Almeno i criteri però sono già chiari: rispetto al governo Berlusconi che contava 65 esponenti, Monti vuole dare un segnale di rigore con un esecutivo snello di una cinquantina di membri. Quindi, oltre a lui e ai 17 ministri, ci saranno, sembra, solo 25 sottosegretari e 7-8 viceministri. Di questi ultimi, 4 sono diretta espressione dell’Economia e sono decisi personalmente dal premier: si era parlato di Vittorio Grilli al Tesoro e di Guido Tabellini, rettore della Bocconi, al Bilancio, ma i due avrebbero declinato. Il primo, si dice, anche per ragioni di stipendio, attualmente superiore a 500 mila euro l’anno e ben più alto dei 140 mila previsti. Grilli starebbe invece valutando offerte di banche d’affari; Tabellini, già disponibile a fare il ministro, si sarebbe irritato per le voci che lo qualificano solo come vice. Nella rosa degli «economici» per ora restano Paolo De Ioanna, consigliere di Stato e capo di gabinetto di Ciampi e Padoa Schioppa; per le Finanze Vieri Ceriani, autore con Visco delle riforme fiscali del ‘96 e poi tornato in Bankitalia. Si parla anche di Piercarlo Padoan, segretario generale dell’Ocse.
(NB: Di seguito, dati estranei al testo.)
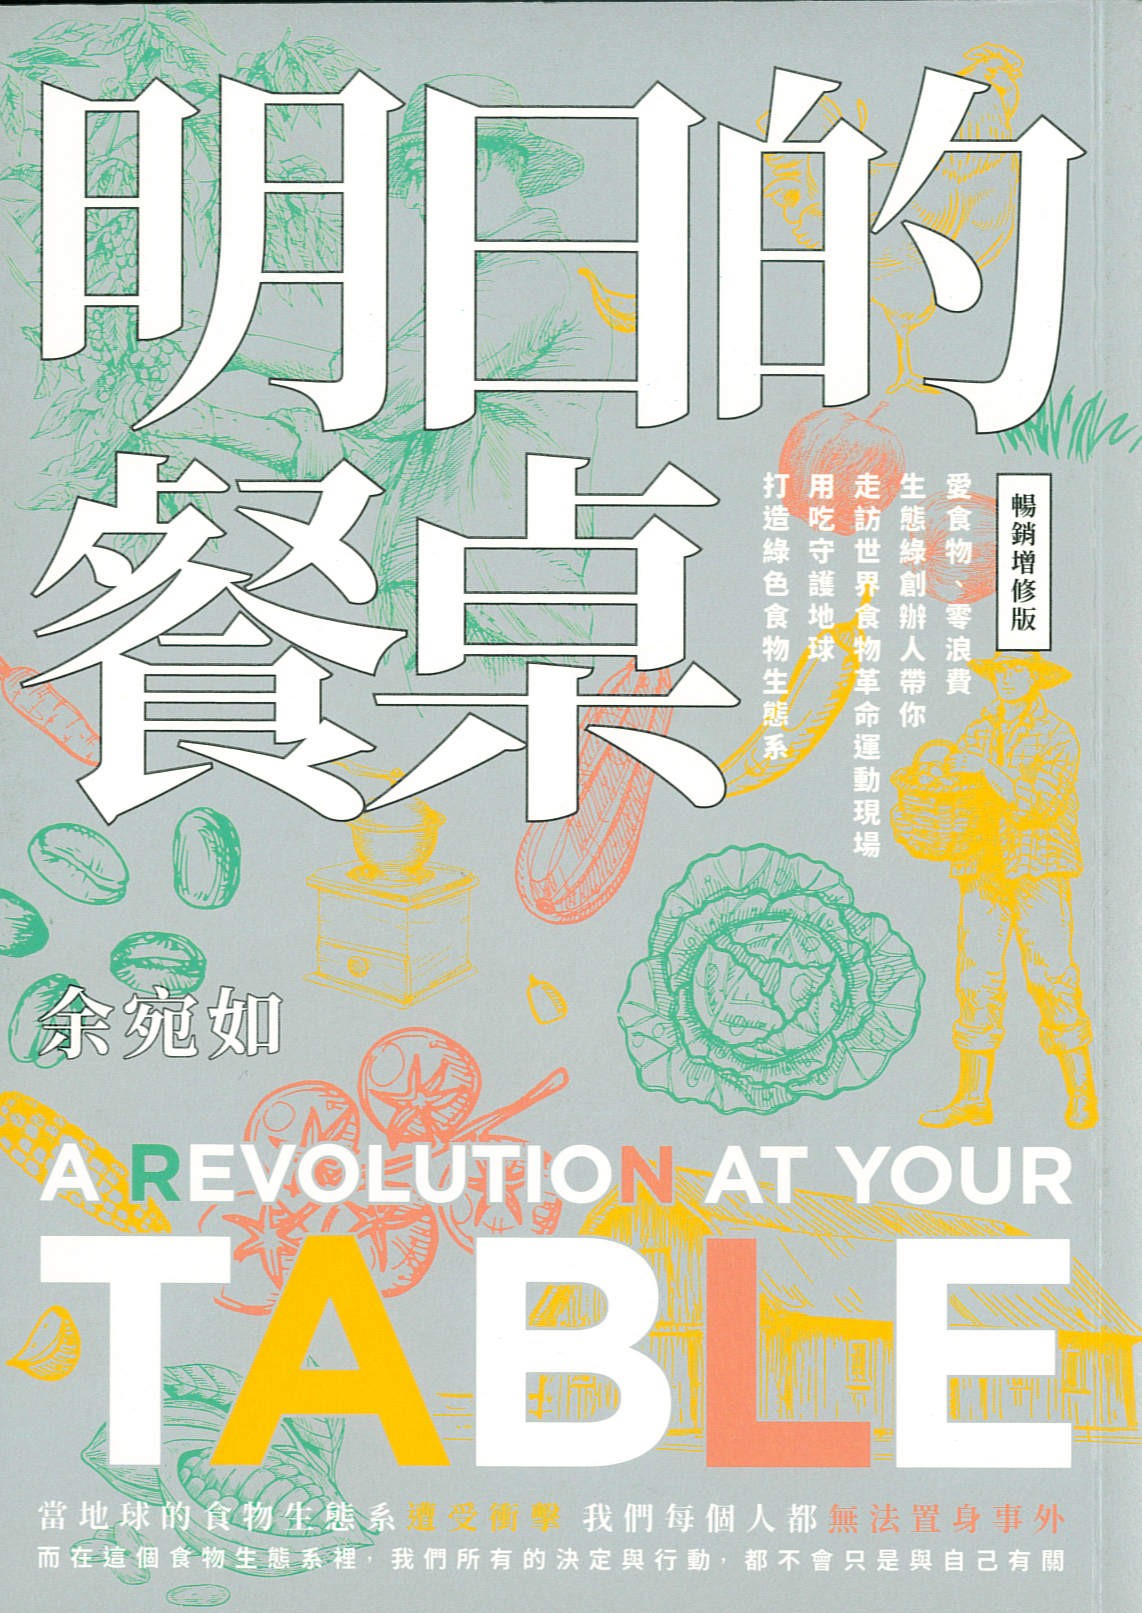 明日的餐桌 : 愛食物、零浪費 生態綠創辦人帶你走訪世界食物革命運動現場 用吃守護地球 打造綠色食物生態系 = A revolution at your table /

Tolta la casella dell’Economia resta solo una ridda di voci con nomi di ex politici e tecnici che vanno e vengono: si fanno i nomi di Carlo Malinconico della Fieg per la delega all’Editoria; di Vito Riggio, presidente dell’Enac, per le Infrastrutture, al fianco di Passera. Il quale potrebbe usufruire di un altro vice alle Telecomunicazioni, scelto tra Roberto Viola, segretario generale Agcom, appoggiato dal Pdl, Nicola D’Angelo, sempre dell’Agcom ma indicato dal Pd, Gianlugi Magri, medico bolognese amico di Casini, ex sottosegretario all’Economia e ora membro Agcom. Sempre con Passera potrebbero andare Tullio Fanelli o Carlo Crea, rispettivamente ex commissario ed ex segretario dell’Authority Energia. Ricorrono poi i nomi di Paolo Peluffo, consigliere di Stato ed ex portavoce di Ciampi, per la Cultura o l’Istruzione; di Luisa Torchia, allieva di Sabino Cassese, come viceministro alla Funzione Pubblica. Ai finiani piacerebbe Umberto Croppi, l’Api indica Cristina De Luca, l’Udc Francesco D’Onofrio, il Pd il «dantoniano» Luigi Cocilovo, l’ex Ds Massimo Brutti per gli Interni e Giampaolo D’Andrea per i Rapporti col parlamento; in quota Pdl, oltre a Michele Saponara, ex consigliere Csm, per la Giustizia, spunta anche il nome di un ex socialista, Angelo Piazza, già ministro della Funzione Pubblica.